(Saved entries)
• • •
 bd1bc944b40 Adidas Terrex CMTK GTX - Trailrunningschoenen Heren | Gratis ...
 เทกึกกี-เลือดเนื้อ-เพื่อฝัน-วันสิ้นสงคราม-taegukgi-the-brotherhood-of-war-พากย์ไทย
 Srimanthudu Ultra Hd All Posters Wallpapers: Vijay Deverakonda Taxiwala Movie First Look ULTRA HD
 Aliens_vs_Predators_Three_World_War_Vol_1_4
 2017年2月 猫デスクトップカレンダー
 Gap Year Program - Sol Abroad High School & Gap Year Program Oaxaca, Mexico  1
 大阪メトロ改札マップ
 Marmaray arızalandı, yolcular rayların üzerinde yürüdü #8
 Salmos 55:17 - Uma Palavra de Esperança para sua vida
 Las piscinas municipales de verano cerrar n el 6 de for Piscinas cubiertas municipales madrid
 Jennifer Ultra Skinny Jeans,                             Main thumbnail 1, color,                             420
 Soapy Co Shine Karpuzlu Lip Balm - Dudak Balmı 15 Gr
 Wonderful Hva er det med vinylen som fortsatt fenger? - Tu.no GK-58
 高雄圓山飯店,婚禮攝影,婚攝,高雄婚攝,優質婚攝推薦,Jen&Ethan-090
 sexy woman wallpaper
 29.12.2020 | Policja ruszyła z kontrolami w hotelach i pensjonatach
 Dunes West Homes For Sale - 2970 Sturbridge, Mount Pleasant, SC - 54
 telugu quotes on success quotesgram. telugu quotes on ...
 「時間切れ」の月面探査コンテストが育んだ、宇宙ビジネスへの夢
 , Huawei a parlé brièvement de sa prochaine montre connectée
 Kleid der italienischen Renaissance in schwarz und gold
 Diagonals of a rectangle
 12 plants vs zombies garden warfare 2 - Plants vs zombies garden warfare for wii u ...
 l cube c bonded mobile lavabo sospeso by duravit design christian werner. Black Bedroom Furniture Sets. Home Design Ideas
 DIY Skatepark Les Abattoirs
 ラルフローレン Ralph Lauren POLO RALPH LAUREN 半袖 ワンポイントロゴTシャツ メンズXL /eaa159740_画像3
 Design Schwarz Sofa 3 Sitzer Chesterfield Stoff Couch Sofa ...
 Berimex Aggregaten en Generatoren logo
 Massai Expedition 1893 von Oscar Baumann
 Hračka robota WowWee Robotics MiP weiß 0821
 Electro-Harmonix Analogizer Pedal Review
• • •
■ **Directions**: Each line of the data should be reproduced exactly as it appears.

■ **Written reply**:
 bd1bc944b40 Adidas Terrex CMTK GTX - Trailrunningschoenen Heren | Gratis ...
 เทกึกกี-เลือดเนื้อ-เพื่อฝัน-วันสิ้นสงคราม-taegukgi-the-brotherhood-of-war-พากย์ไทย
 Srimanthudu Ultra Hd All Posters Wallpapers: Vijay Deverakonda Taxiwala Movie First Look ULTRA HD
 Aliens_vs_Predators_Three_World_War_Vol_1_4
 2017年2月 猫デスクトップカレンダー
 Gap Year Program - Sol Abroad High School & Gap Year Program Oaxaca, Mexico  1
 大阪メトロ改札マップ
 Marmaray arızalandı, yolcular rayların üzerinde yürüdü #8
 Salmos 55:17 - Uma Palavra de Esperança para sua vida
 Las piscinas municipales de verano cerrar n el 6 de for Piscinas cubiertas municipales madrid
 Jennifer Ultra Skinny Jeans,                             Main thumbnail 1, color,                             420
 Soapy Co Shine Karpuzlu Lip Balm - Dudak Balmı 15 Gr
 Wonderful Hva er det med vinylen som fortsatt fenger? - Tu.no GK-58
 高雄圓山飯店,婚禮攝影,婚攝,高雄婚攝,優質婚攝推薦,Jen&Ethan-090
 sexy woman wallpaper
 29.12.2020 | Policja ruszyła z kontrolami w hotelach i pensjonatach
 Dunes West Homes For Sale - 2970 Sturbridge, Mount Pleasant, SC - 54
 telugu quotes on success quotesgram. telugu quotes on ...
 「時間切れ」の月面探査コンテストが育んだ、宇宙ビジネスへの夢
 , Huawei a parlé brièvement de sa prochaine montre connectée
 Kleid der italienischen Renaissance in schwarz und gold
 Diagonals of a rectangle
 12 plants vs zombies garden warfare 2 - Plants vs zombies garden warfare for wii u ...
 l cube c bonded mobile lavabo sospeso by duravit design christian werner. Black Bedroom Furniture Sets. Home Design Ideas
 DIY Skatepark Les Abattoirs
 ラルフローレン Ralph Lauren POLO RALPH LAUREN 半袖 ワンポイントロゴTシャツ メンズXL /eaa159740_画像3
 Design Schwarz Sofa 3 Sitzer Chesterfield Stoff Couch Sofa ...
 Berimex Aggregaten en Generatoren logo
 Massai Expedition 1893 von Oscar Baumann
 Hračka robota WowWee Robotics MiP weiß 0821
 Electro-Harmonix Analogizer Pedal Review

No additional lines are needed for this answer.